Provided material:
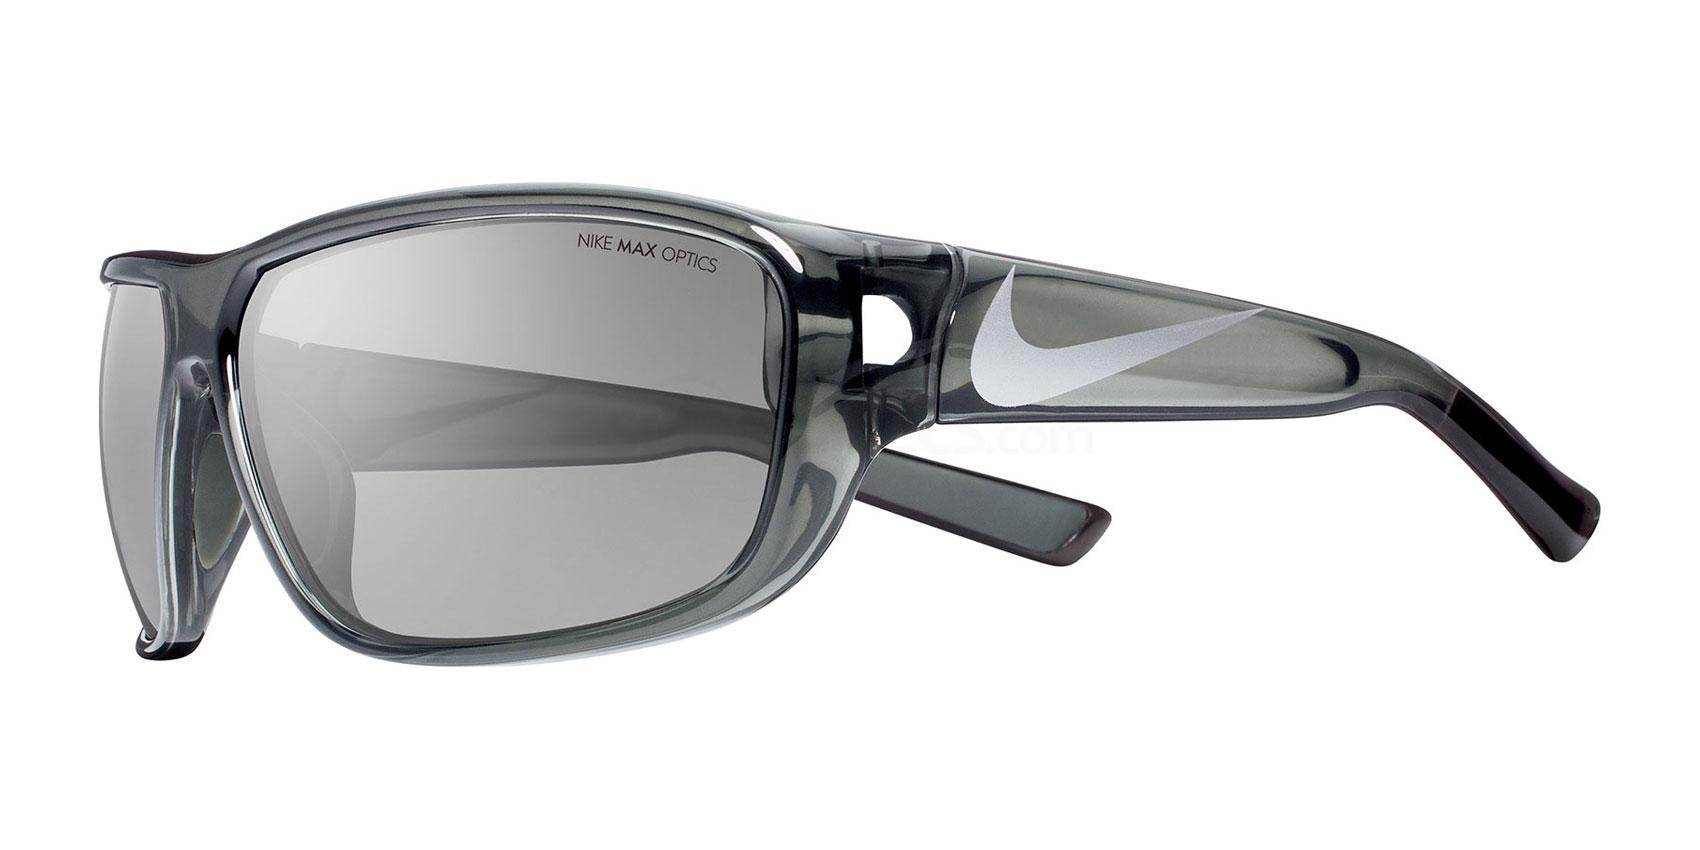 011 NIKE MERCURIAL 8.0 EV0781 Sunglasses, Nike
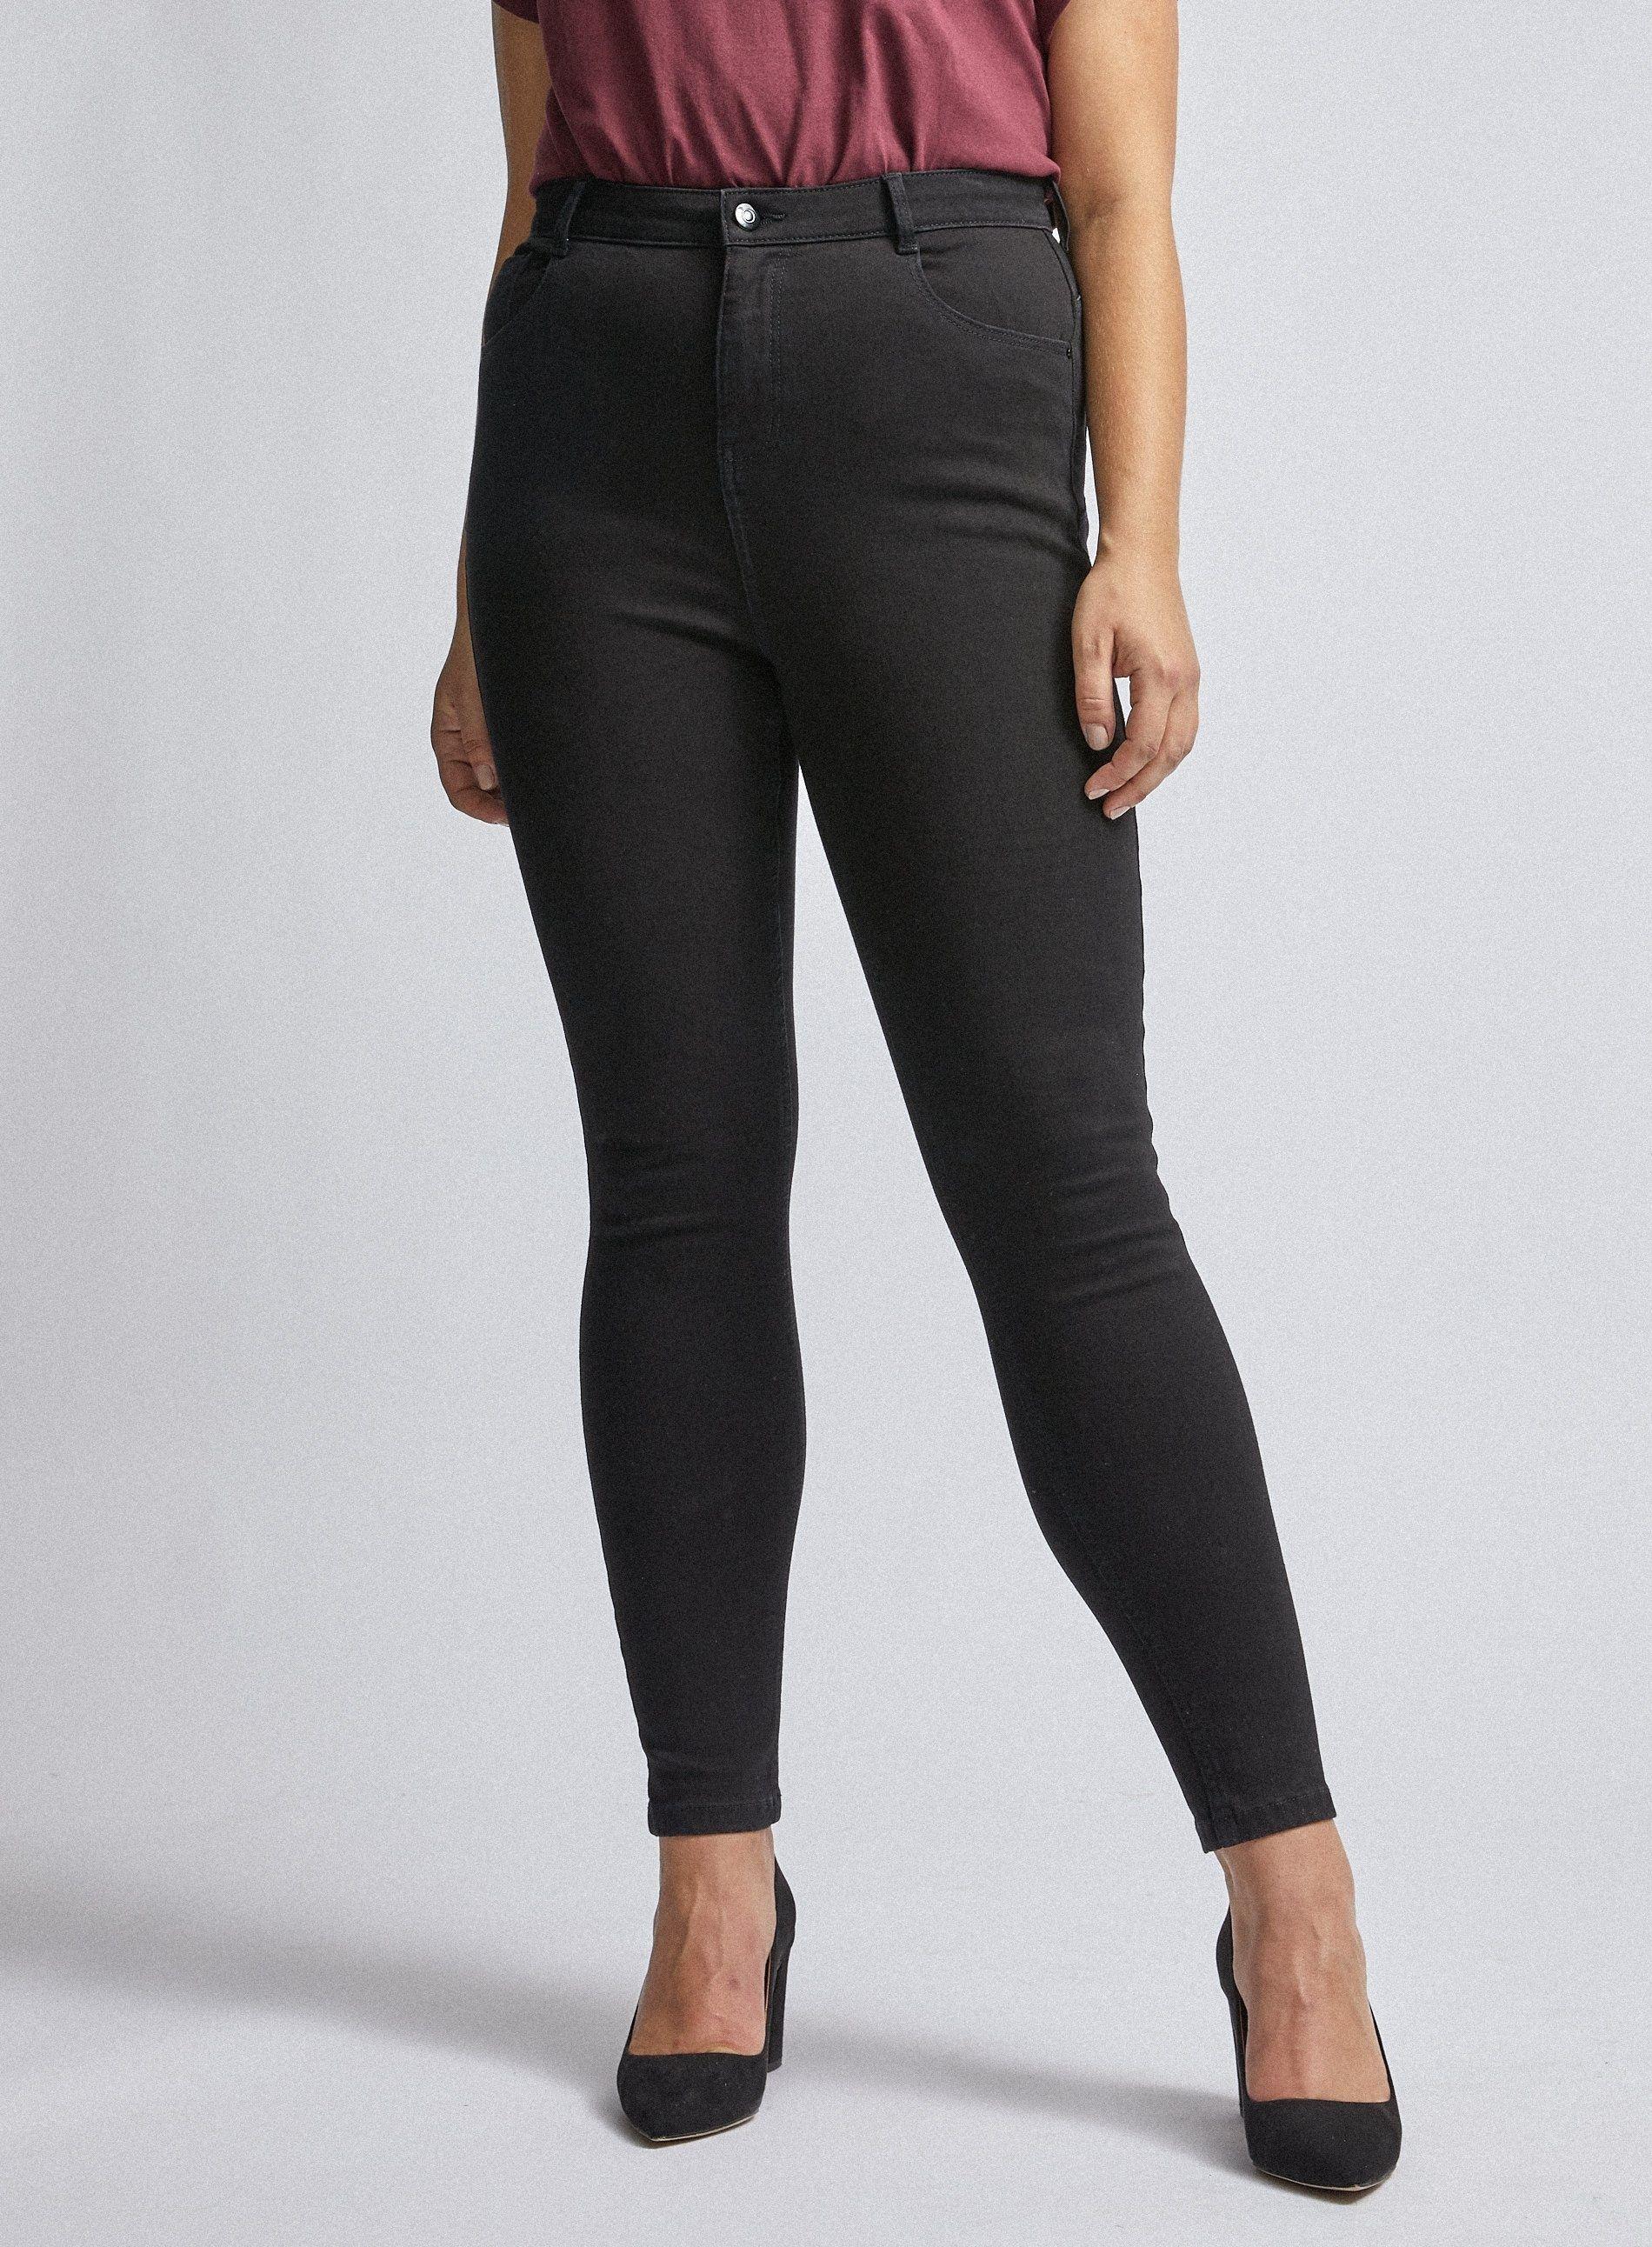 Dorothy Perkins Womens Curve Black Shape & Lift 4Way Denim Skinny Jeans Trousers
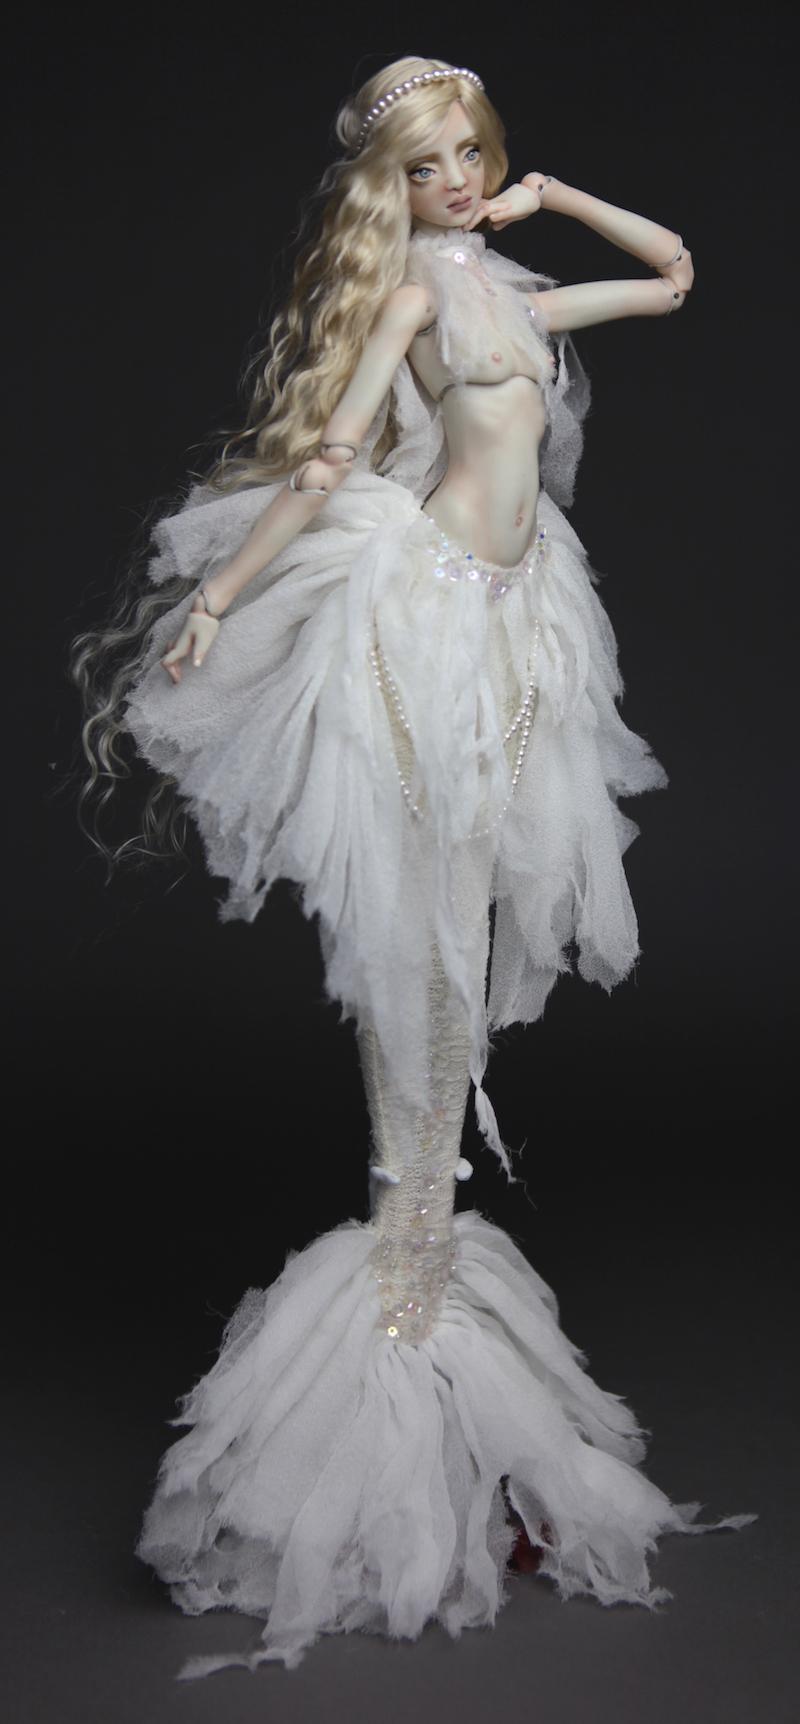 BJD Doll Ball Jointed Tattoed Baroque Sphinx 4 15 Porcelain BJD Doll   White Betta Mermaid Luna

Try it: In the reply, each line of the data must appear exactly as written, and no picture may appear.

Solution for this exercise:
 011 NIKE MERCURIAL 8.0 EV0781 Sunglasses, Nike
 Dorothy Perkins Womens Curve Black Shape & Lift 4Way Denim Skinny Jeans Trousers
 BJD Doll Ball Jointed Tattoed Baroque Sphinx 4 15 Porcelain BJD Doll   White Betta Mermaid Luna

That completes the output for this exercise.